Medical insurance is very expensive now but luckily, you can just drop it and pay out of pocket. Going to a clinic to get some limited antibiotics, bones breaks set, and a handful of other things the doctors could actually do effective back then won’t really cost much in the long-run so just pay for it.

Clothing roughly in the same style and quality of everyday 1950’s clothing should be very cheap in real terms. Advances in materials science and outsourced production make clothes as cheap as ever.

Food - “Ever heard of putting food on the table.” It is a cute phrase but people never took that seriously in recent times in the U.S. right? WRONG. Food takes up a tiny percentage of today’s household budget compared to then. In 1950, milk alone could eat up 10% of the annual household budget. Maybe that is why companies were happy to delivery. Lots of big-ticket items get delivered. People get lazy these days with buying quality food but you can stick to the same standards they had and get better quality, range of goods, and quantity.

Retirement - don’t focus on that too much because you probably won’t live much past working age and a good chance not even that long.

The point is that most people wouldn’t have trouble affording a tony New York apartment like in the Honeymooners or a nice suburban ranch house like on Leave it to Beaver.

Sanitation and toilet facilities have made big strides in the last 100 years or so. In 1800 London even if you were rich you crapped in a bucket (ok maybe an ornate ceramic pot) and the waste was thrown out the window onto city streets. Certain ancient cultures had a sort of plumbing, but nothing like we have today.

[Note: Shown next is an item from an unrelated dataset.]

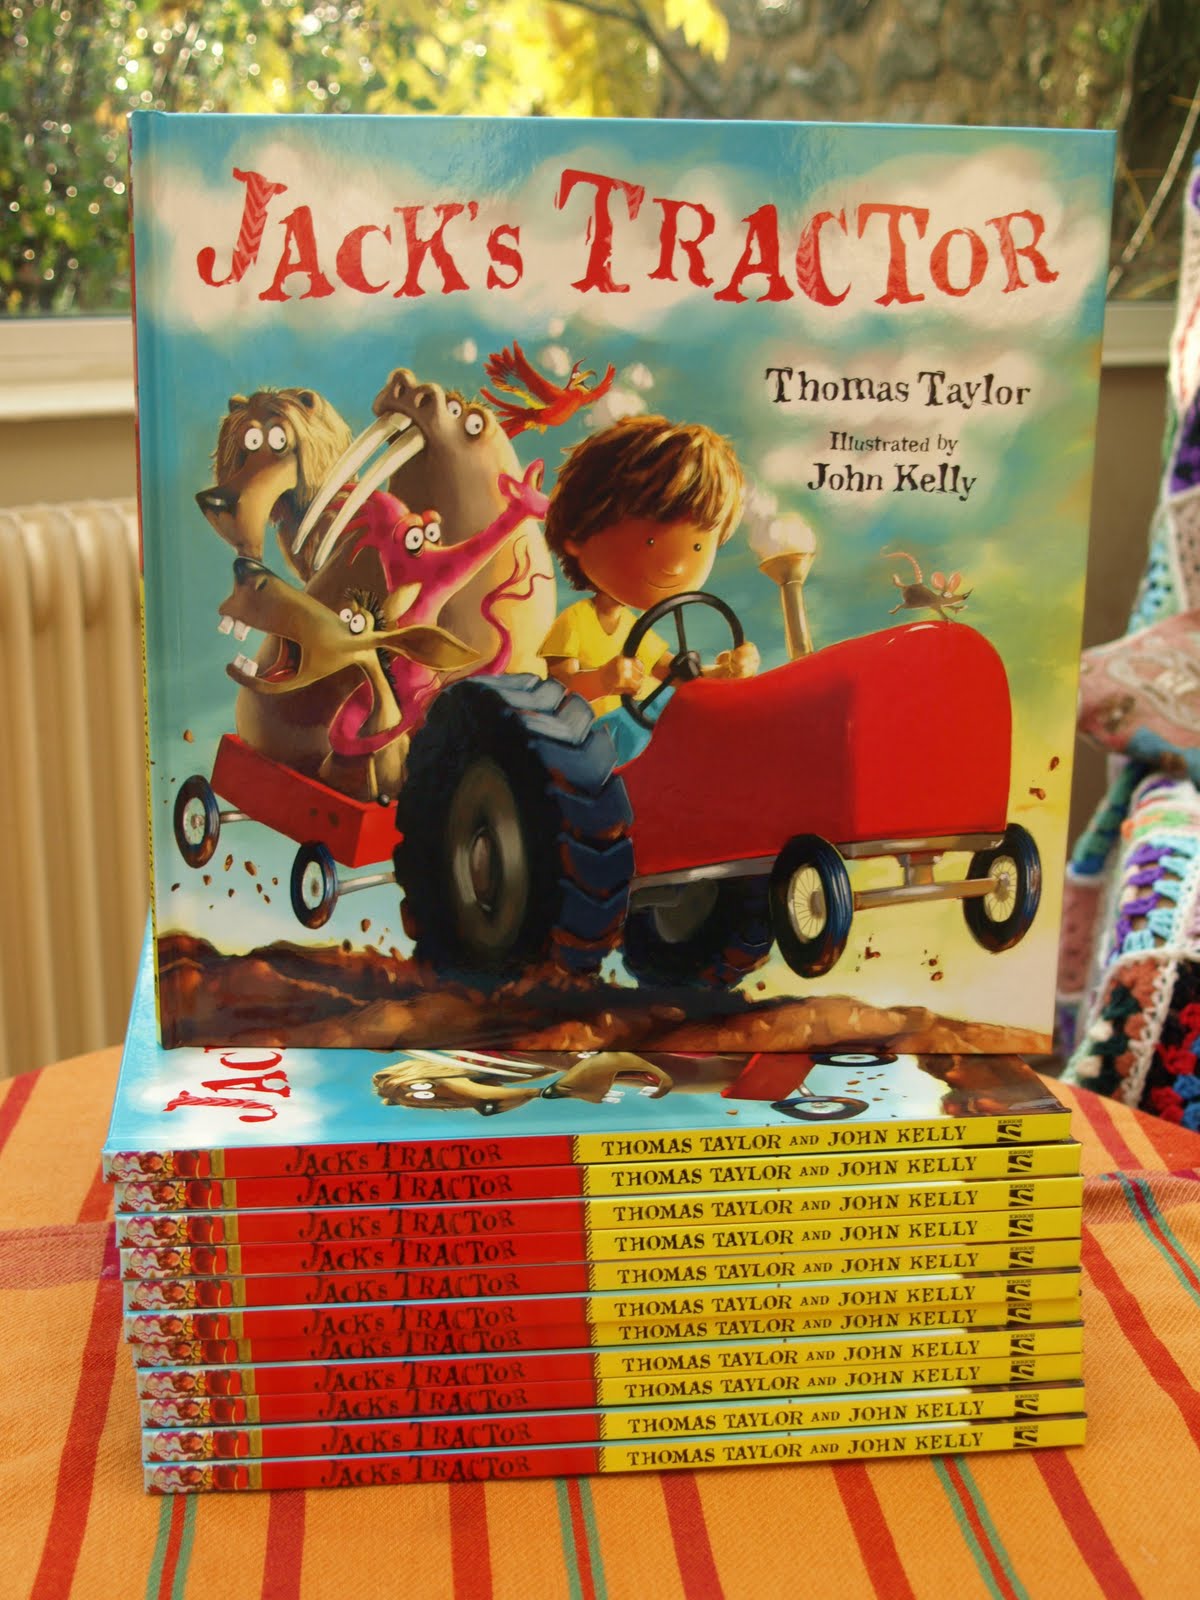 Jacks Tractor Thomas Taylor illustrator

I think that a less error-prone and perhaps more interesting question may be to assess civilization’s happiness/unhappiness ration throughout time. This would certainly have some correlation with SOL, but it would not be wholly dependant upon it. I’m certain that some form of a happiness/unhappiness ratio will be readily quantifiable with soon-to-be developed advanced brain scanning techniques. So, although the question may be purely subjective now (though interesting to debate), it should be testable by scientific method in the future.

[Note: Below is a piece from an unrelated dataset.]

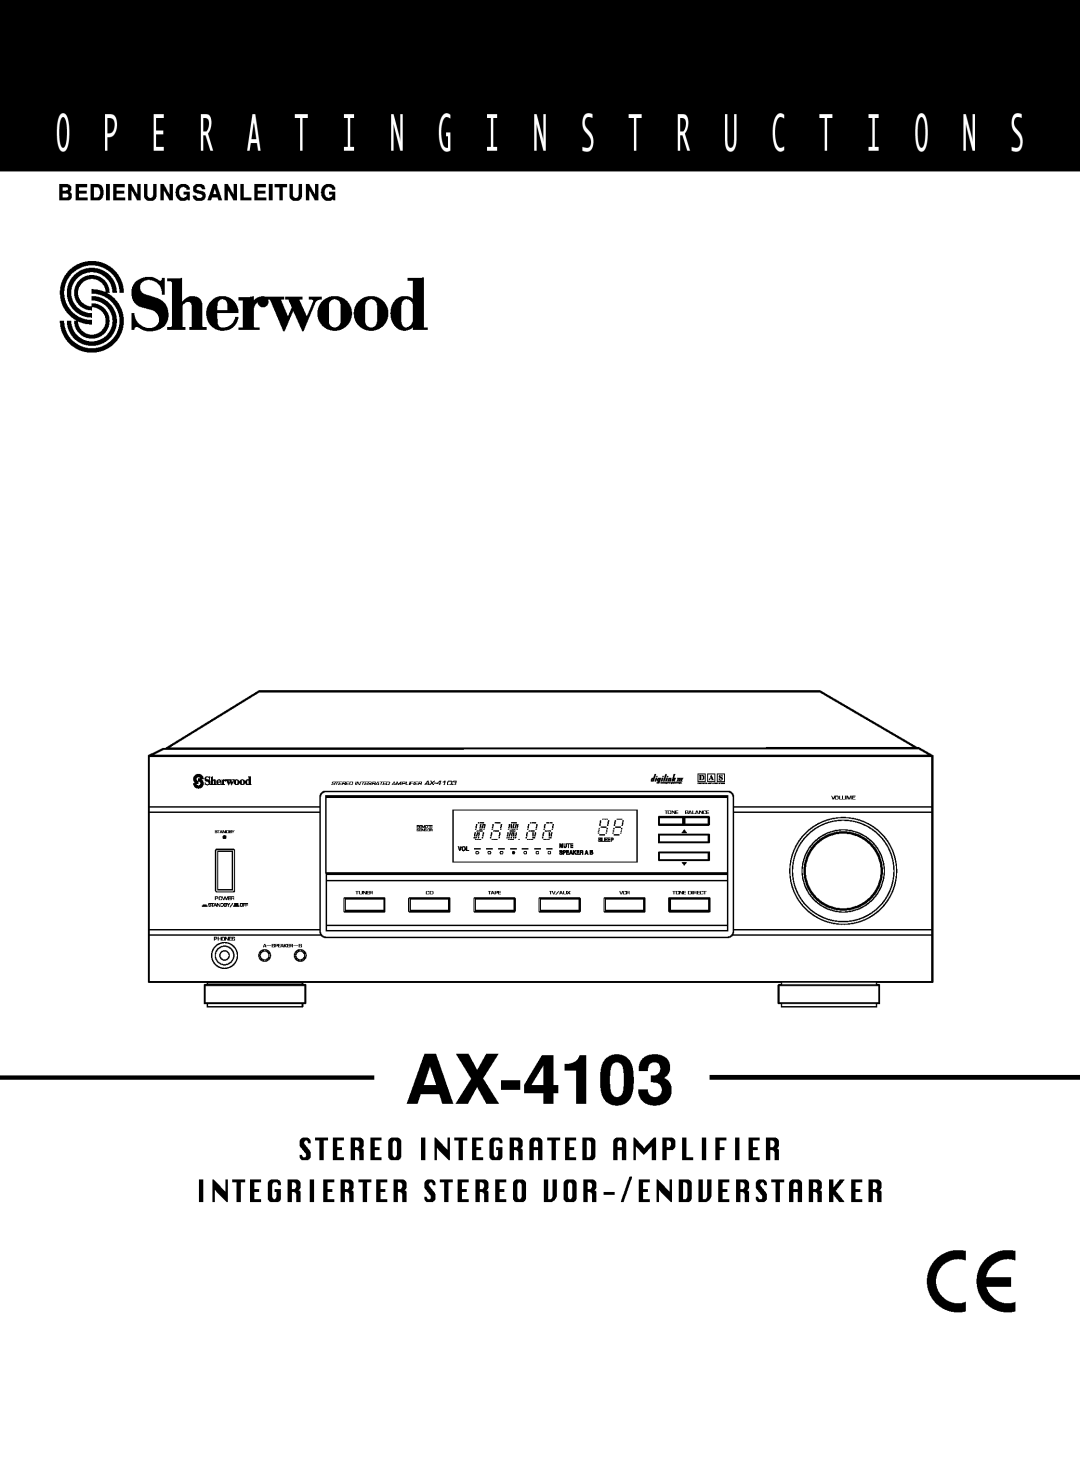 Sherwood AX-4103 operating instructions O P E R A T I N G I N S T R U C T I O N S, Bedienungsanleitung, D A S

As has already been discussed, it is difficult to accurately compare average SOL today with that from the past and I’m tempted to believe that as technology advances, so does the SOL. But, I’m really not comfortable with that assessment. I’m more comfortable speculating on the happiness/unhappiness ratio today vs. the past.
Example: H/U 1950’s vs. Today: My guess is that, at least for the average American, the ratio was higher in the 50’s than now. I base this on many factors, including, but not limited to:
-More complexity/anxiety in today’s world.
-More perceived danger today. Indeed, worrying about A-bombs falling from the sky and other dangers occupied many ’50’s minds, but today there are a greater number of perceived dangers and they are less concrete (i.e. we could all rally around an “us vs. them” mentality with the Red Menace; today, danger seems to lurk around every corner and it’s hard to identify).

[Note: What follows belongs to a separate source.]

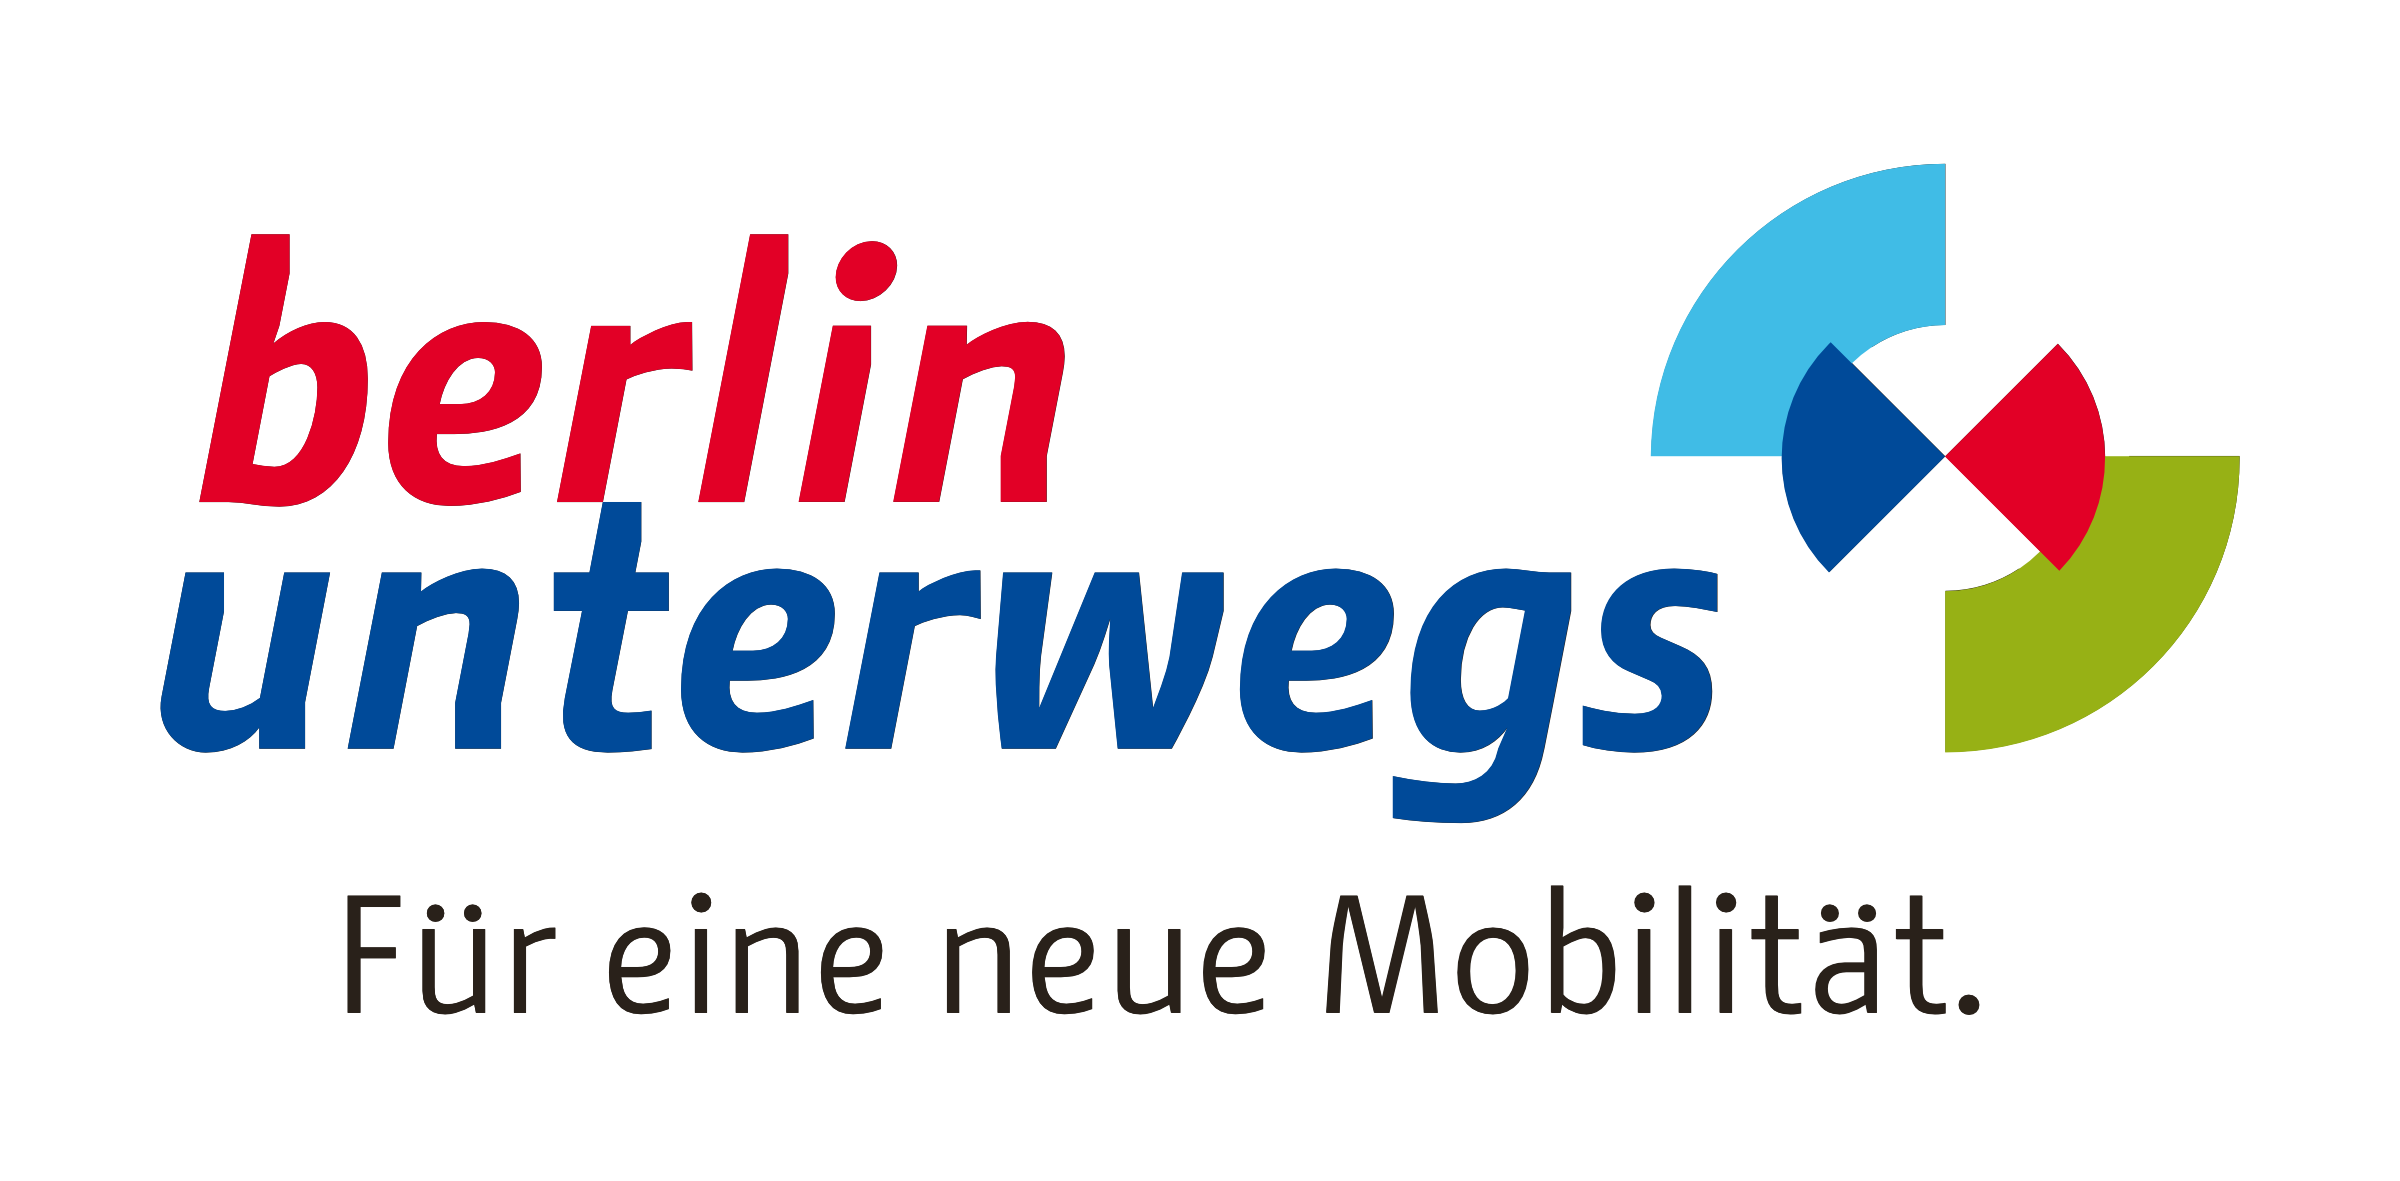 Change in use as Berlin’s corporate typeface - Logo berlin unterwegs campaign

  • On average, the family unit was more stable. It may be un-PC to suggest, but IMO the family hierarchy model of one parent at home with the kids leads to more comfort and security (at least for hubby and the kids :slight_smile: ). Were ‘50’s women happier than contemporary women? That question is more difficult to answer, but I still think “yes”. It may be hard for a contemporary woman to happily transition into a stay-at-home-mom, but the average 50’s married woman did not know any different and they were not chastised for staying home.
  • You don’t long for what is not available. Indeed, people in the ’50 had, at best, 1 B&W TV, 1 car, few advanced appliances etc, but this was all cutting edge to them. If they had a time-machine glimpse into the 21st century, perhaps they would envy our technology, but as it was, they were thrilled with what they had. Me? I long for some of the ‘50’s technology – I still can’t figure out how to get the red 12:00 to stop blinking on my VCR.

If the OP wishes to morph the question from SOL through time into happiness/unhappiness ratio through time, I would be interested in hearing other opinions. If not, I’m sorry for the hijack and maybe I’ll pose a similar question in Great Debates.